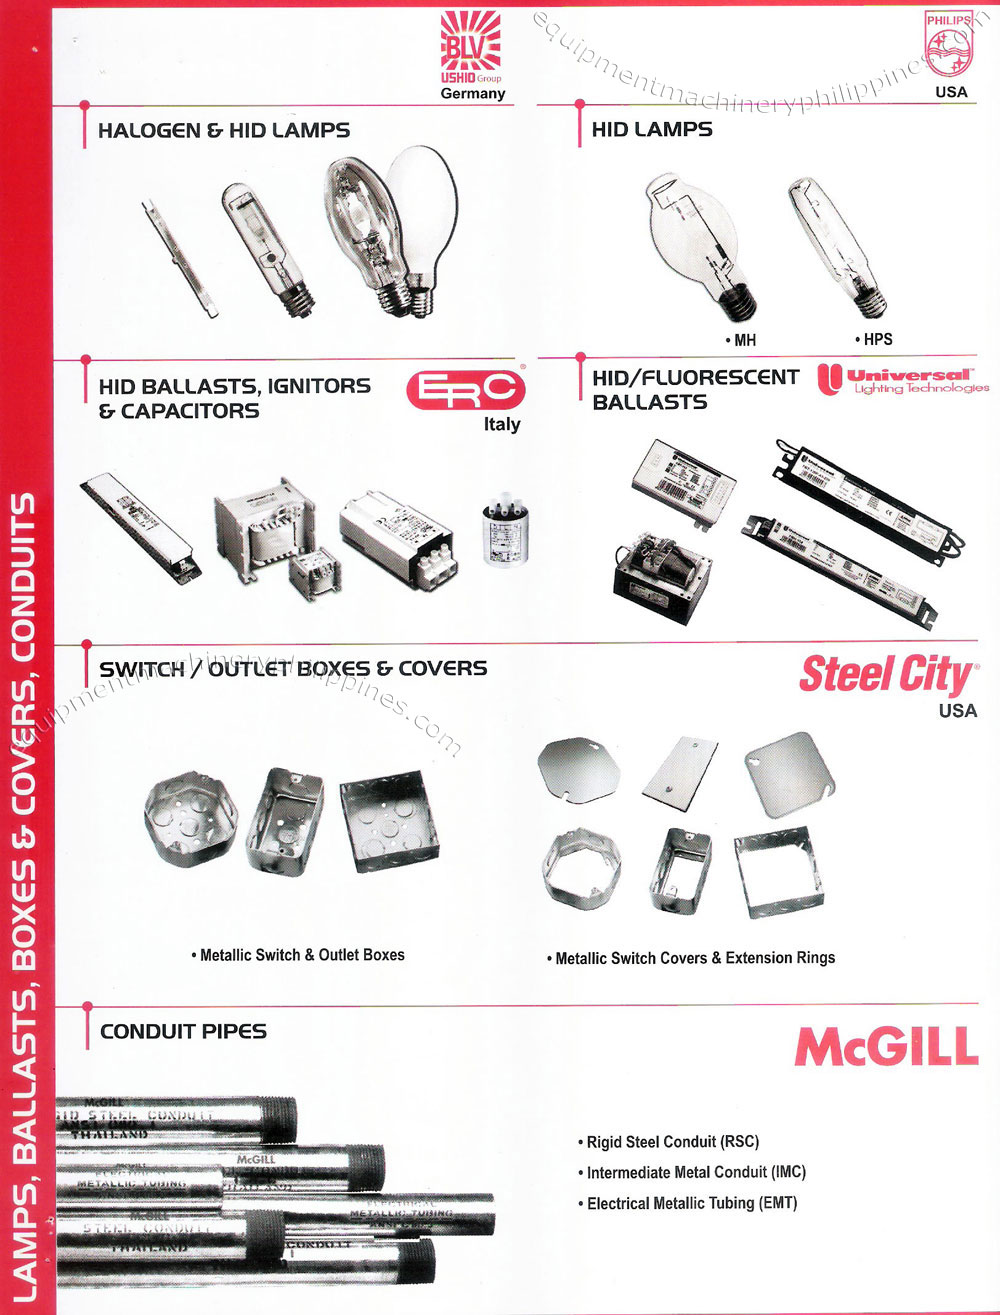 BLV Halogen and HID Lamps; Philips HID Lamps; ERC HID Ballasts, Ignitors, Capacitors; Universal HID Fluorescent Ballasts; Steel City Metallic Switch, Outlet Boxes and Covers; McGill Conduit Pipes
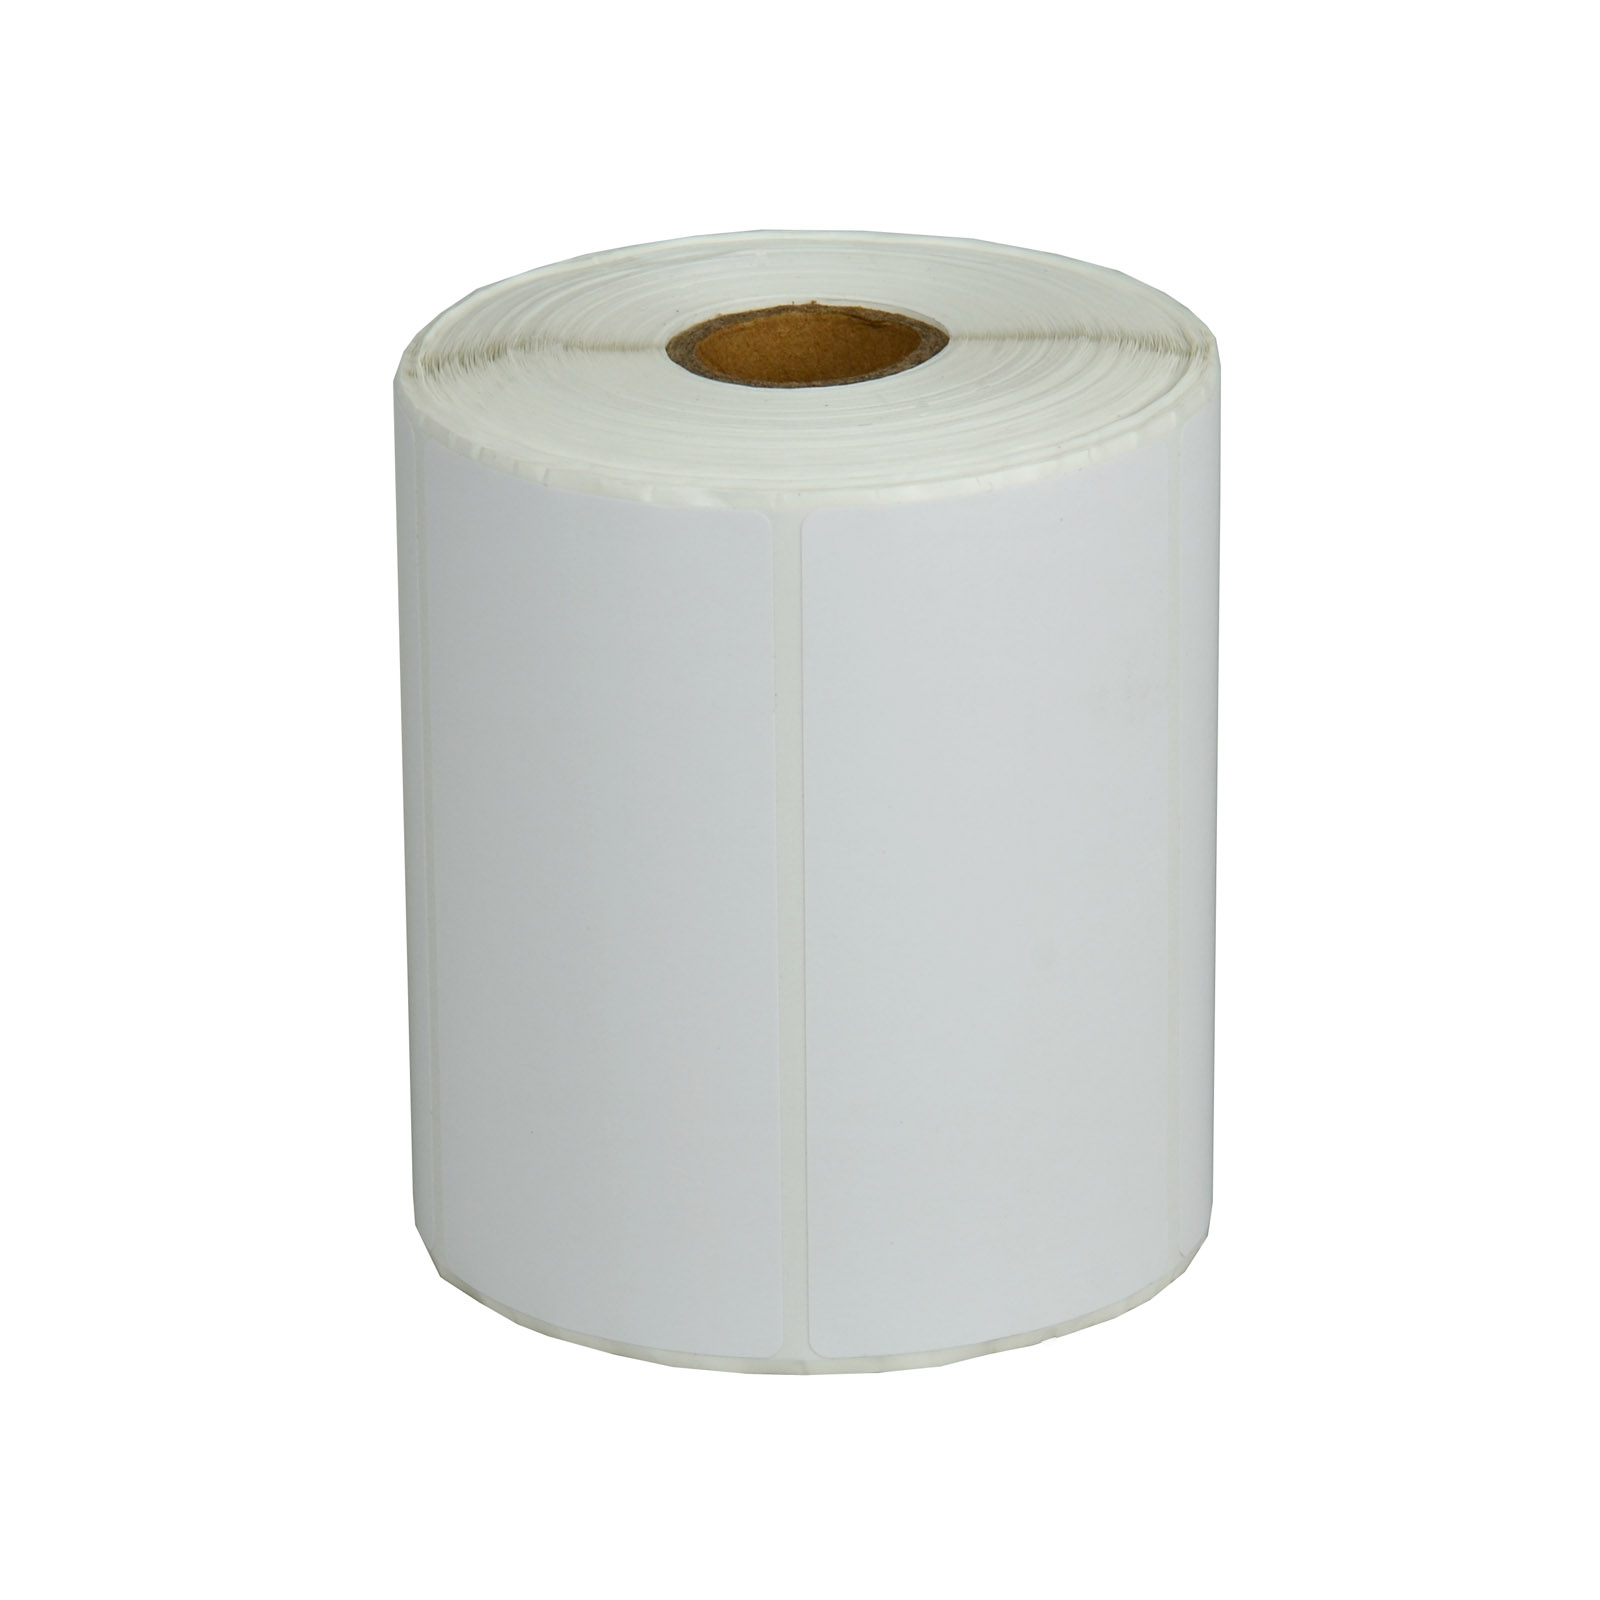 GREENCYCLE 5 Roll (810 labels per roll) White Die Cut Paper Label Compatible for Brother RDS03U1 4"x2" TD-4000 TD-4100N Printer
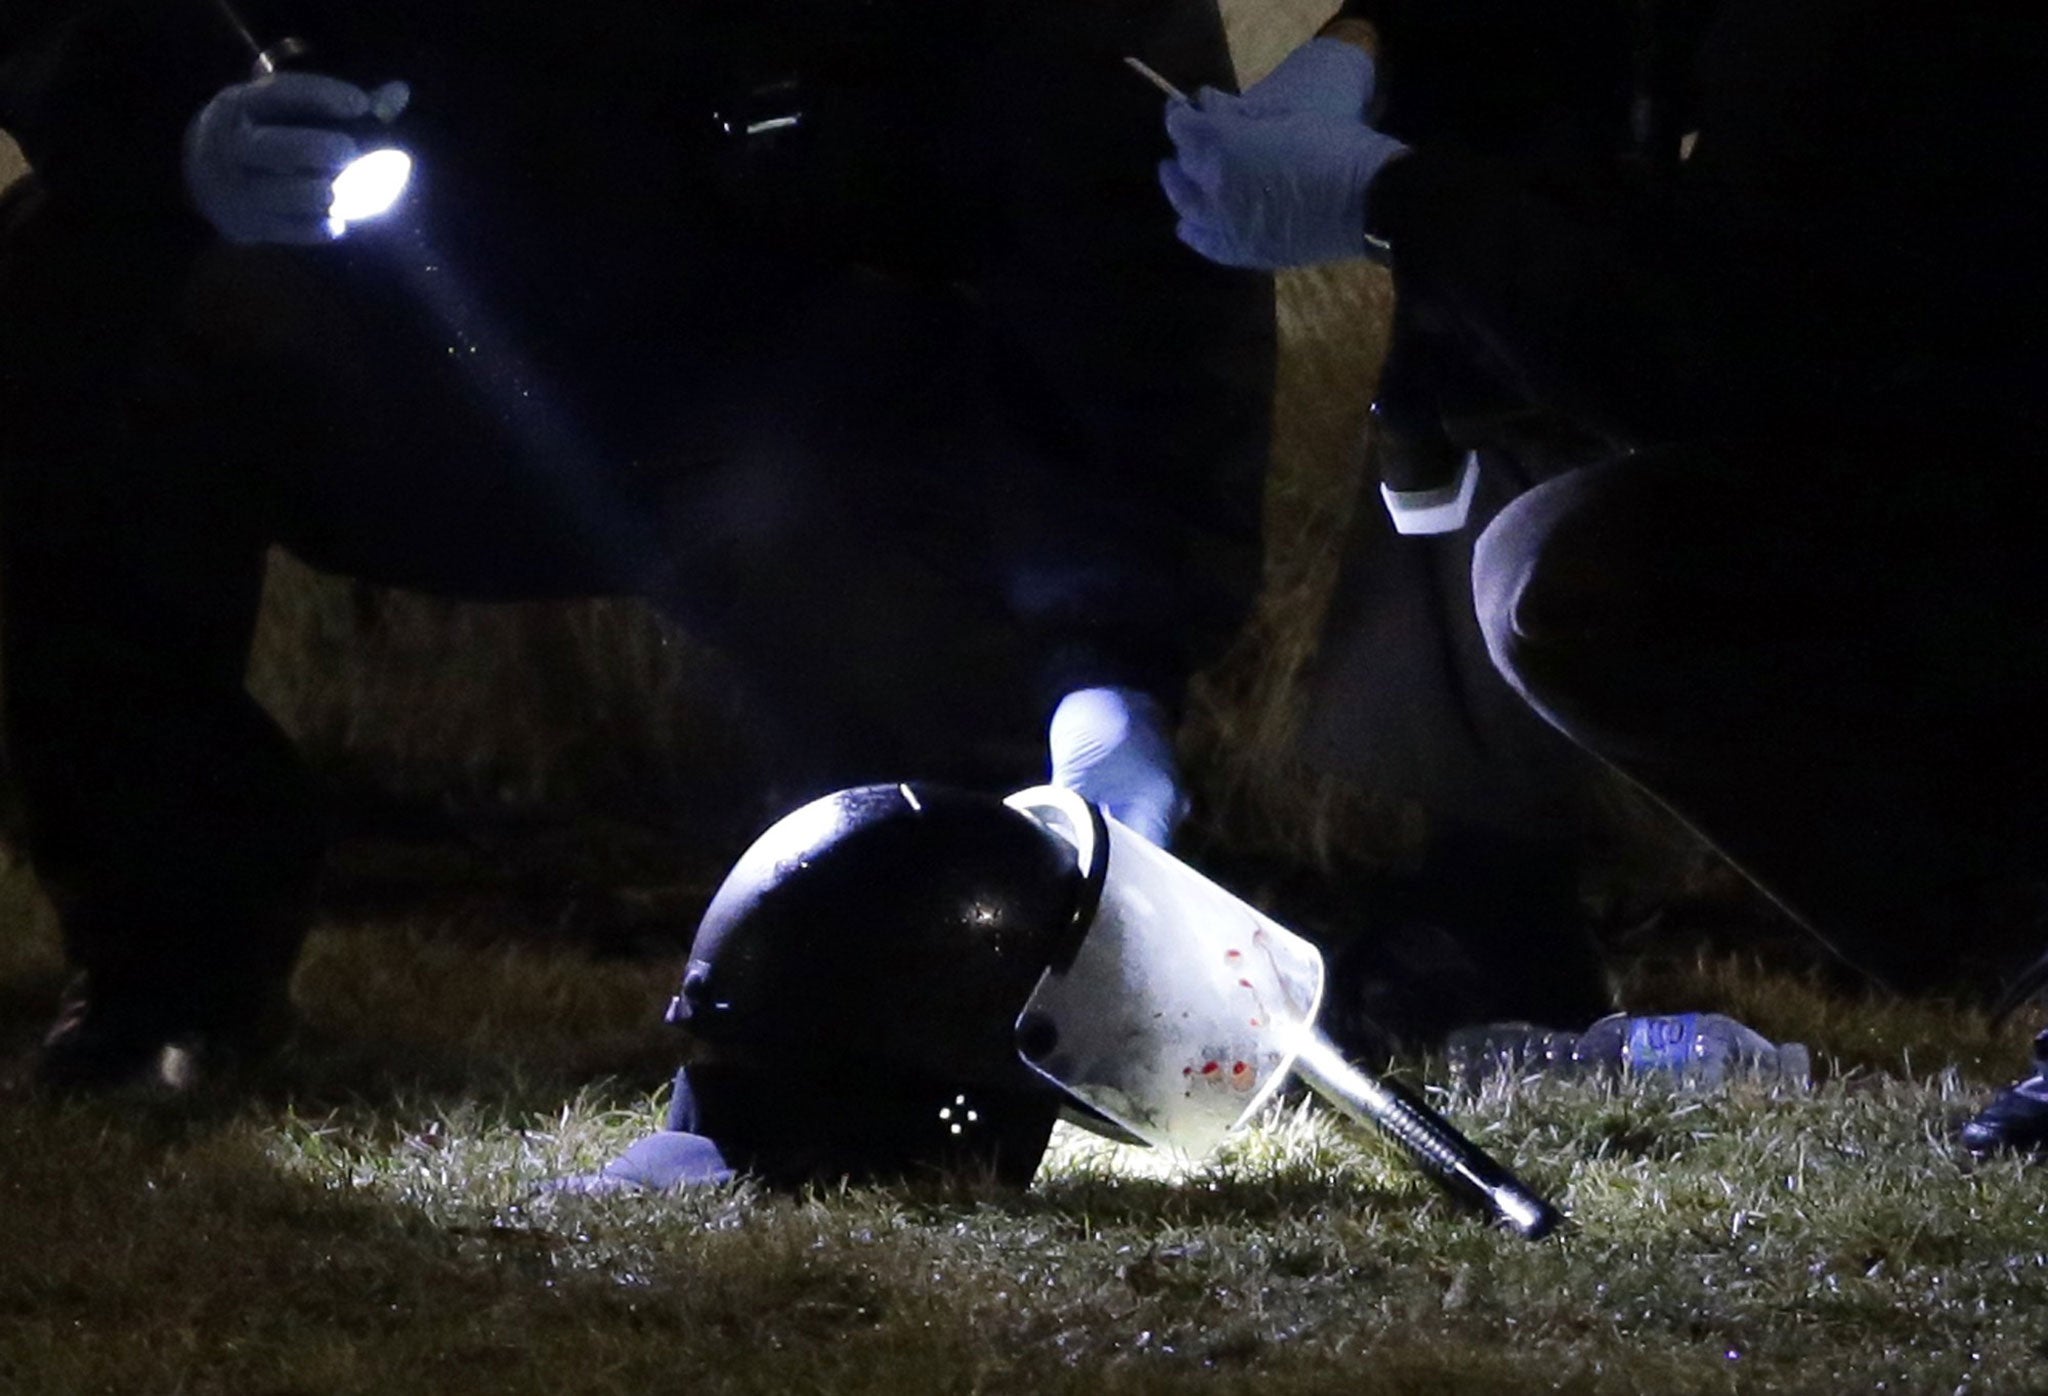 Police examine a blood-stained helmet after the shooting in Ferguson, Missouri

## Aim of the exercise:
All of the data should be returned word for word, with each picture left out.

## Response below:
 BLV Halogen and HID Lamps; Philips HID Lamps; ERC HID Ballasts, Ignitors, Capacitors; Universal HID Fluorescent Ballasts; Steel City Metallic Switch, Outlet Boxes and Covers; McGill Conduit Pipes
 GREENCYCLE 5 Roll (810 labels per roll) White Die Cut Paper Label Compatible for Brother RDS03U1 4"x2" TD-4000 TD-4100N Printer
 Police examine a blood-stained helmet after the shooting in Ferguson, Missouri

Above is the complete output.